Introducing AVIS: Revolutionizing Visual Information Seeking with Large Language Models
There’s been amazing progress in adapting large language models (LLMs) to handle multimodal inputs for tasks like image captioning, visual question answering, and open vocabulary recognition. However, current visual language models (VLMs) struggle when it comes to visual information seeking tasks that require external knowledge. That’s where AVIS comes in.
AVIS, also known as Autonomous Visual Information Seeking with Large Language Models, is a groundbreaking method that achieves state-of-the-art results on visual information seeking tasks. It integrates LLMs with three types of tools: computer vision tools for extracting visual information from images, a web search tool for retrieving open world knowledge and facts, and an image search tool to gather relevant information from metadata associated with visually similar images.
Here’s a breakdown of how AVIS works:
1. LLM-powered planner: AVIS uses an LLM-powered planner to choose the right tools and queries at each step. The planner analyzes the available options and selects the most appropriate ones.
2. LLM-powered reasoner: AVIS employs an LLM-powered reasoner to analyze the outputs of the tools and extract key information. The reasoner determines whether the obtained information is sufficient or if more data is needed.
3. Working memory: AVIS incorporates a working memory component that retains information throughout the process. This allows AVIS to refer back to previous information and make more informed decisions.
By combining these components, AVIS is able to tackle complex visual information seeking tasks and achieve impressive results.
How Does AVIS Compare to Previous Methods?
Previous studies have explored adding tools to LLMs for multimodal inputs, but they often struggle with real-world scenarios. Other methods that apply LLMs as autonomous agents can fall into infinite loops or propagate errors due to the immense search space. AVIS overcomes these limitations by using guided LLM use based on human decisions from a user study.
Informing LLM Decision Making with a User Study
To understand human decision-making when using external tools, we conducted a user study. Participants were equipped with the same set of tools as AVIS and asked to answer challenging visual questions. We recorded their actions and outputs to guide our system.
The user study helped us construct a transition graph that defines distinct states and restricts the available actions at each state. We also used examples of human decision-making to enhance the performance and effectiveness of our system.
General Framework of AVIS
AVIS utilizes a dynamic decision-making strategy to respond to visual information-seeking queries. It consists of three main components:
1. Planner: The planner determines the next action based on the current state and the available tools. It refers to the transition graph to eliminate irrelevant actions and excludes actions that have already been taken.
2. Working memory: The working memory stores data collected from past tool interactions. It helps the planner make more informed decisions by referring back to previous information.
3. Reasoner: The reasoner analyzes the outputs of the tool execution and determines whether the obtained information is informative, uninformative, or the final answer.
By employing this framework, AVIS gradually answers the input query by making dynamic decisions and analyzing the tool outputs.
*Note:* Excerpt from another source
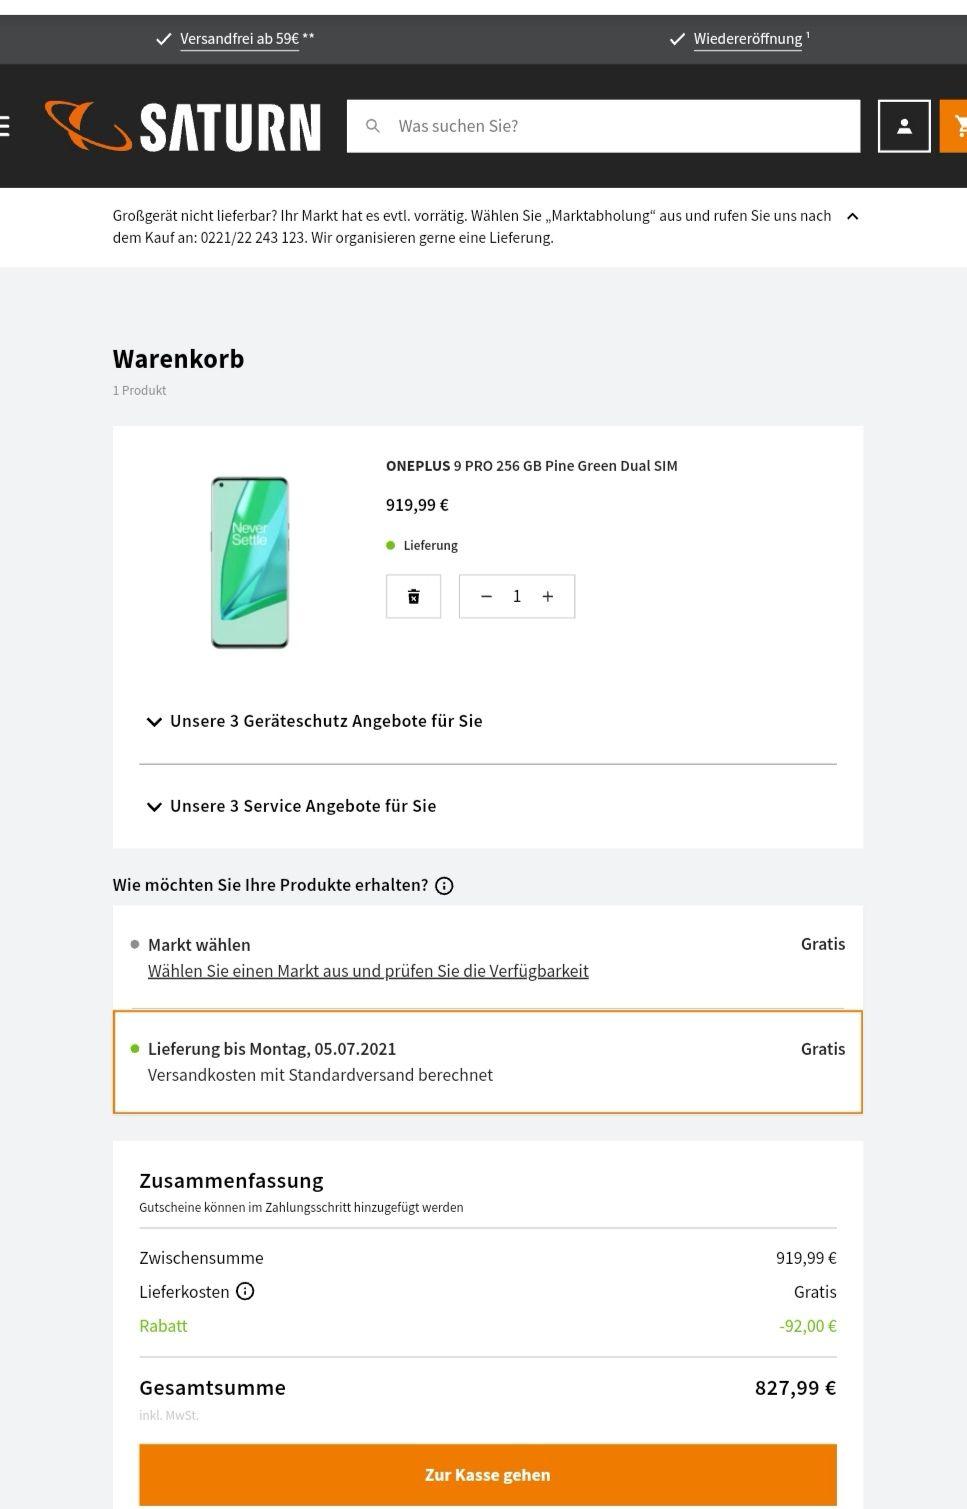 Oneplus 9 pro 12/256GB pine green dual SIM [Saturn Aktion]

We evaluated AVIS on Infoseek and OK-VQA datasets. AVIS achieved high accuracy on both datasets, outperforming previous baselines. On Infoseek, AVIS achieved 50.7% accuracy on the unseen entity split, even without fine-tuning. On OK-VQA, AVIS achieved 60.2% accuracy with few-shot in-context examples.
AVIS is a game-changing approach that enables LLMs to use various tools for knowledge-intensive visual questions. Grounded in human decision-making data, AVIS employs a structured framework with an LLM-powered planner and reasoner to make dynamic decisions and provide accurate answers. With AVIS, visual information seeking just got a whole lot easier and more effective.